TASK MATERIAL:
┄┄┄┄┄┄┄┄┄┄┄┄┄┄┄┄┄┄┄┄

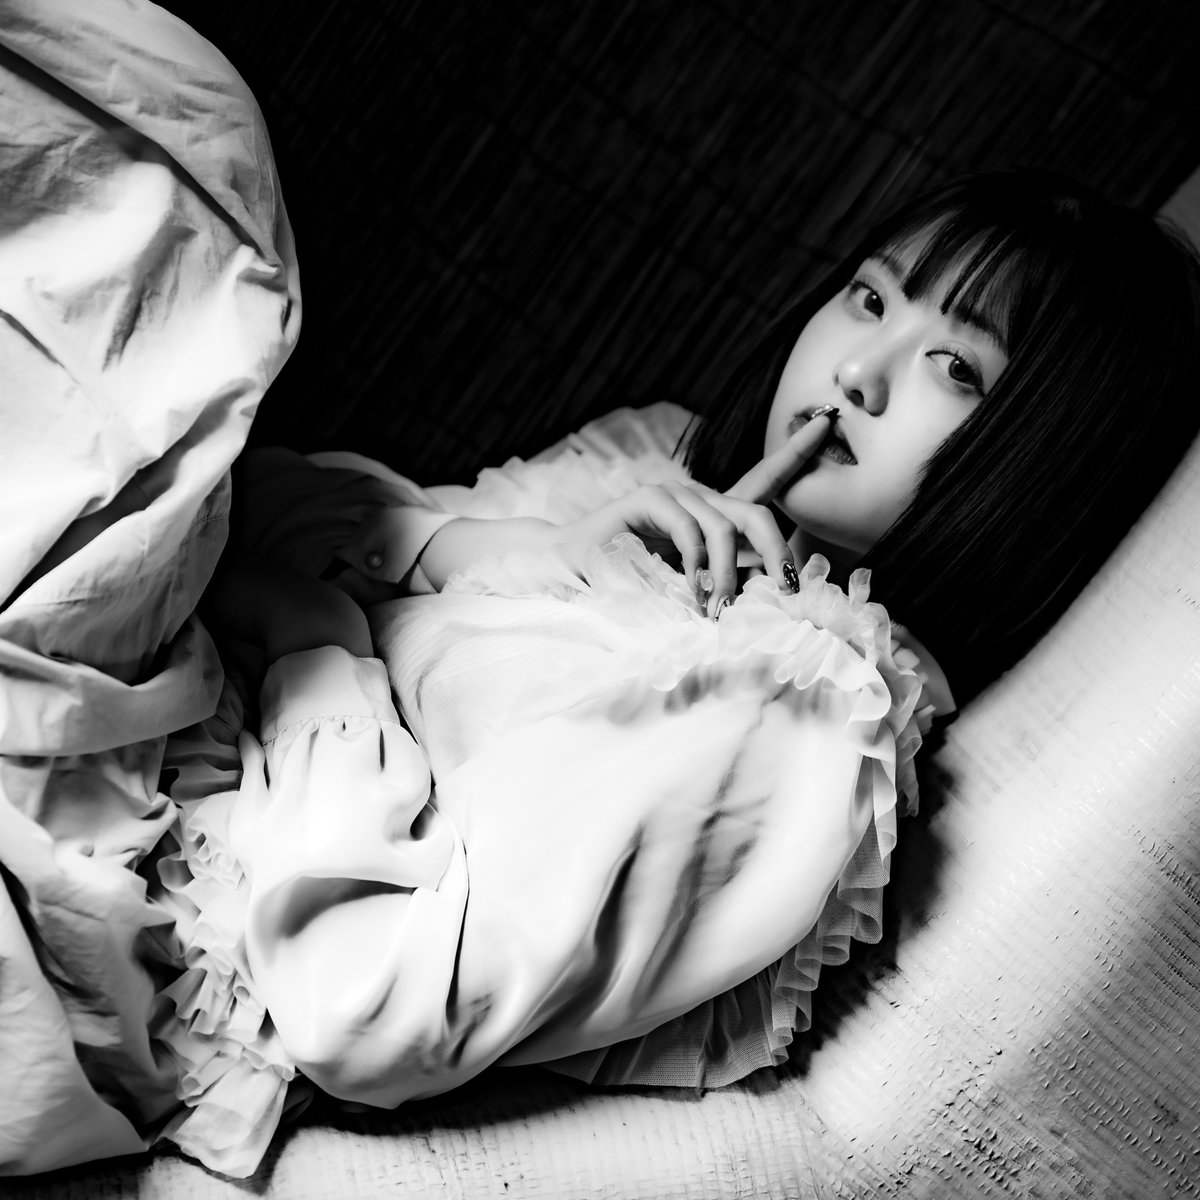 Cherish撮影会 24.03.31 門前仲町
@cherish_camera

model: Sakuraさん
@sr____ksn

#サクラブ🌸
#ポートレート #portrait #lovers_nippon_portrait
#tokyocameraclub #東京カメラ部
#ファインダー越しの私の世界

┄┄┄┄┄┄┄┄┄┄┄┄┄┄┄┄┄┄┄┄

AIM OF THE EXERCISE:
A word-for-word transcript of the entries above is needed, with pictures removed.

YOUR SOLUTION:
 Cherish撮影会 24.03.31 門前仲町
@cherish_camera

model: Sakuraさん
@sr____ksn

#サクラブ🌸
#ポートレート #portrait #lovers_nippon_portrait
#tokyocameraclub #東京カメラ部
#ファインダー越しの私の世界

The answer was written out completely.